New data presented at the American Academy of Neurology 2026 Annual Meeting emphasize the potential of ecopipam (Emalex Biosciences), a novel therapeutic approach for Tourette syndrome (TS). During a presentation hosted by Kinga Tomczak, MD, PhD, a pediatric neurologist at Boston Children's Hospital, findings from a phase 3 clinical trial evaluating ecopipam demonstrated significant reductions in relapse risk and durable treatment effects across pediatric and overall populations.¹

For TS, treatment options include behavioral therapy and pharmacotherapy, such as α-2 adrenergic agonists and D2 receptor (D2R) modulators (eg, antipsychotics); however, current pharmacologic approaches are often limited by adverse effects (AEs). Although α-2 adrenergic agonists are commonly associated with fatigue and hypotension, D2R modulators can lead to weight gain and drug-induced movement disorders, Tomczak explained. As a result of these tolerability concerns, discontinuation rates for existing therapies remain high.¹

Ecopipam is a first-in-class selective D1 receptor (D1R) antagonist in development for TS. In clinical studies that enrolled children and adolescents, ecopipam demonstrated meaningful improvements in tic severity as measured by the Yale Global Tic Severity Scale–Total Tic Score (YGTSS-TTS). A phase 2b randomized controlled trial showed that ecopipam resulted in a mean improvement of 30% at week 12 compared with placebo (P = .01), whereas an open-label extension study reported a mean improvement of approximately 40.3% at month 12 (P < .0001 vs baseline).

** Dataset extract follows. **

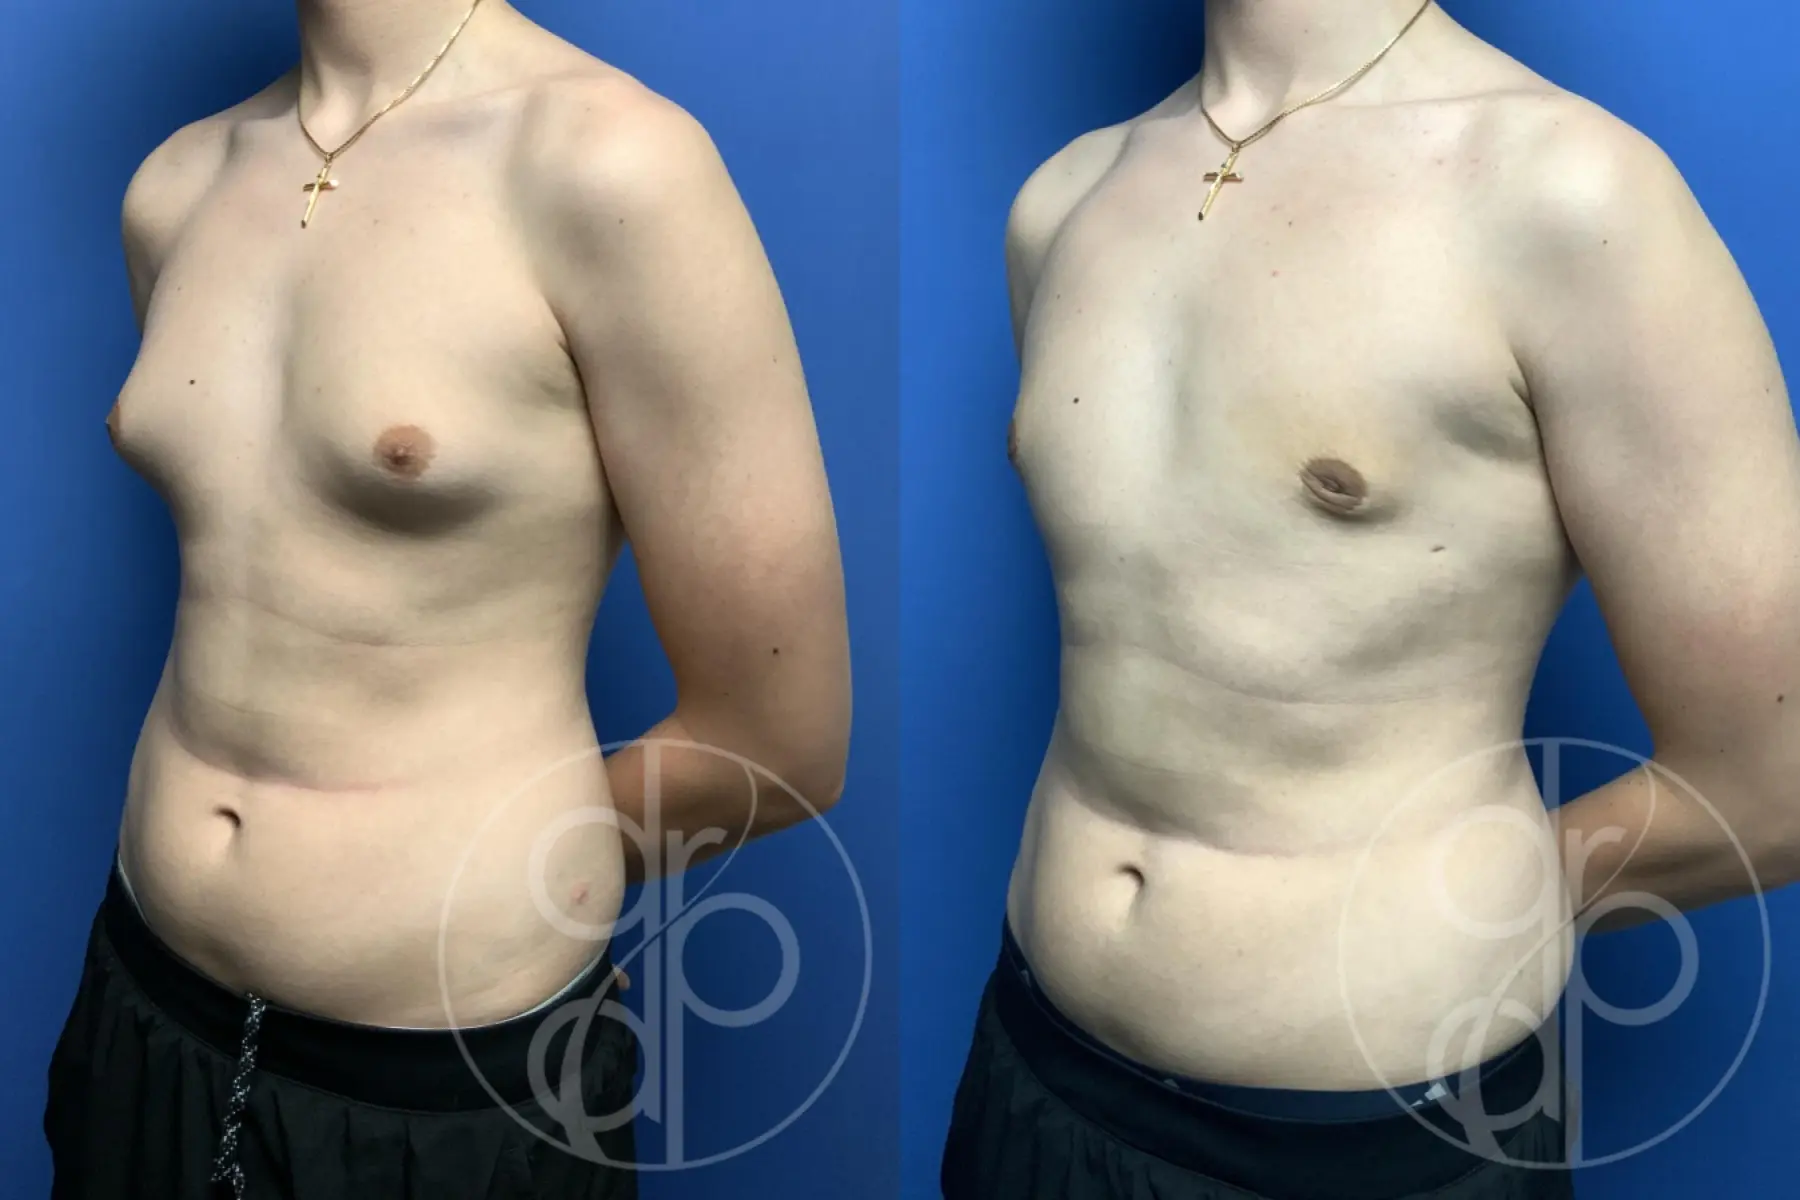 gynecomastia before and after result - Before and After 3

The most common AEs among patients treated with ecopipam during the phase 2b trial included headache (15.8%), insomnia (13.1%), fatigue (7.9%), somnolence (7.9%), anxiety (5.3%), nausea (5.3%), and restlessness (5.3%).¹

Tomczak explained that the objective was to evaluate the durability of efficacy, as well as the safety and tolerability of ecopipam, through a 24-week treatment duration in children, adolescents, and adults with TS. The trial was a phase 3 double-blind, placebo-controlled withdrawal that had a 28-day screening period, a 12-week open-label period, a 12-week double-blind period, and a safety follow-up period lasting 30 days. Ecopipam was titrated based on weight.¹

“The goal weight was 1.8 mg/kg/d, and the responders were considered those who had over 25 [percent] or more improvement in tic severity, both at week 8 and week 12. So, for a whole month, they had to maintain the improvement,” Tomczak explained during the presentation. “[Those who maintained improvement] were [randomly assigned] to ecopipam arm or placebo, and those on placebo were tapered by 22.4 mg/d…and relapse was considered if they were losing this improvement.”¹

The primary end point of the trial was time to relapse in the pediatric population, specifically among participants aged 6 to 17 years. Relapse was defined as a 50% or greater loss of the improvement in the YGTSS-TTS observed from baseline to week 12, the initiation of additional treatment for TS, or hospitalization as a result of worsening symptoms. Ecopipam was shown to significantly reduce risk of relapse, showing an approximate 50% lower risk compared with placebo during the 12-week double-blind withdrawal period. These findings were statistically significant, with an HR of about 0.5 (95% CI, 0.3-0.8) and a P value of .0084.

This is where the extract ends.